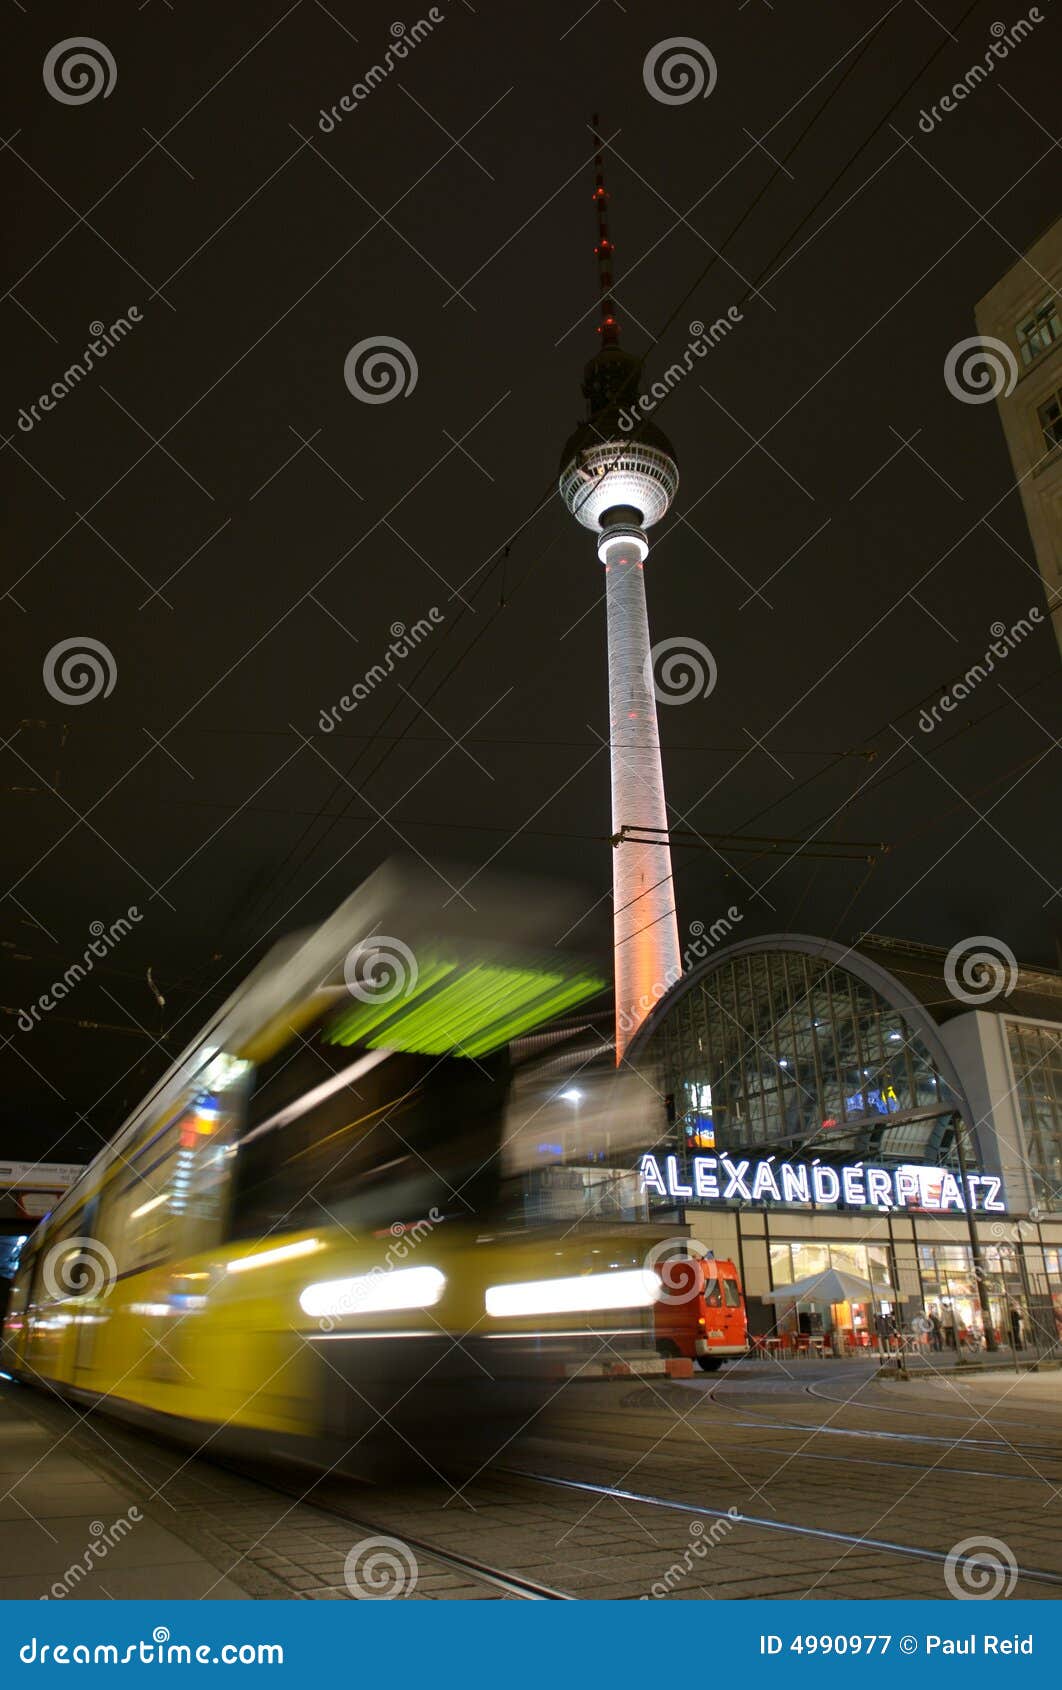 fernsehturm and tram at alexanderplatz
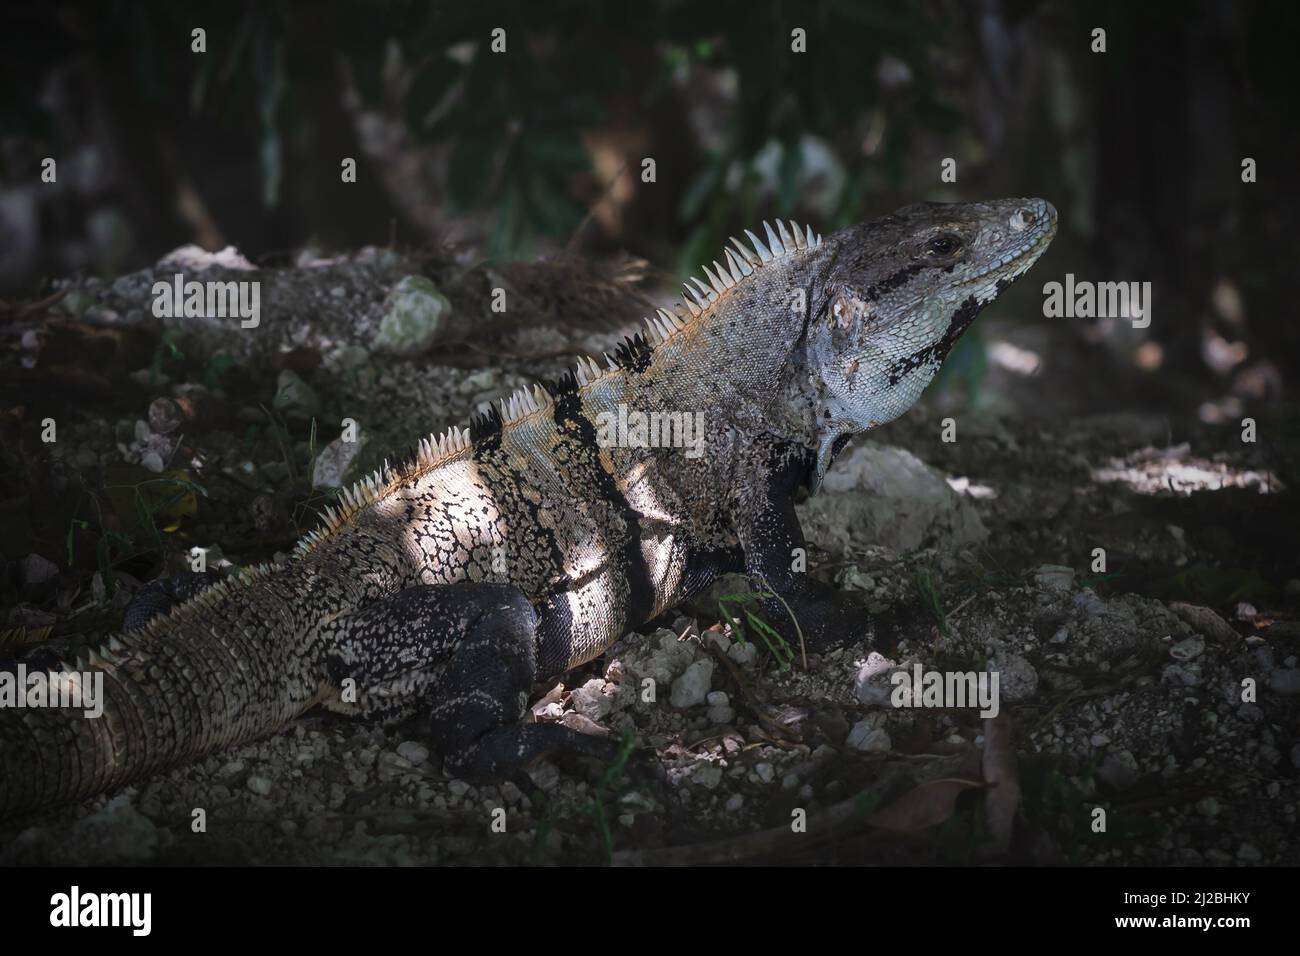 Close up of a posing Black spiny-tailed iguana, black iguana, latin name 'Ctenosaura Similis', on stones in tropical forest, Belize Stock Photo
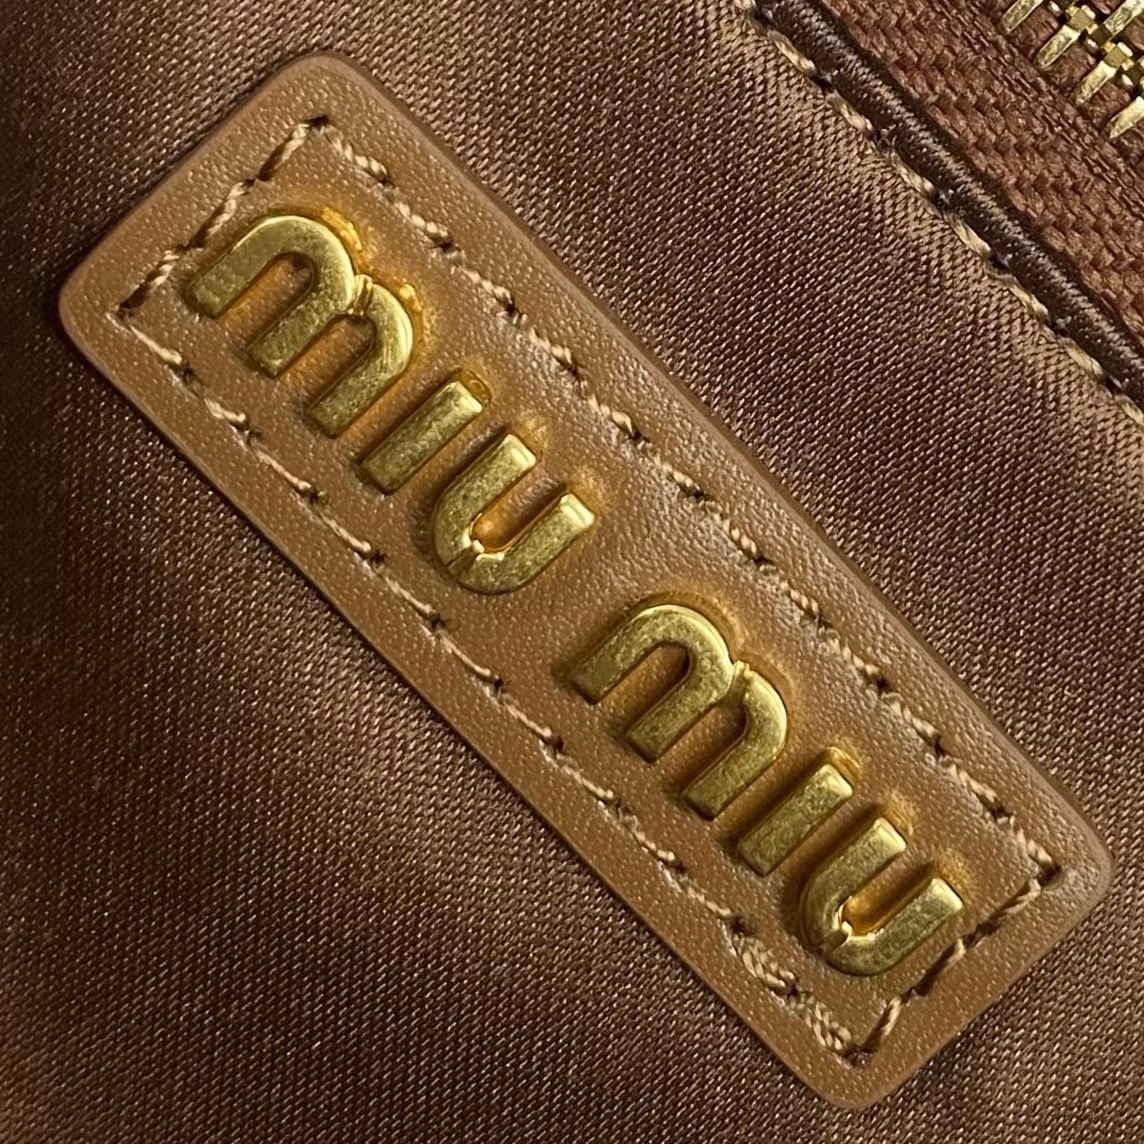 MIU MIU Original Leather Top Handle Bag 5BB147 BROWN

_Task statement_
"Close up of" marks the first line to copy; copy that line and every line after it through the last line of the listing, exactly and without pictures.

_Exercise answer_
 Close up of a posing Black spiny-tailed iguana, black iguana, latin name 'Ctenosaura Similis', on stones in tropical forest, Belize Stock Photo
 MIU MIU Original Leather Top Handle Bag 5BB147 BROWN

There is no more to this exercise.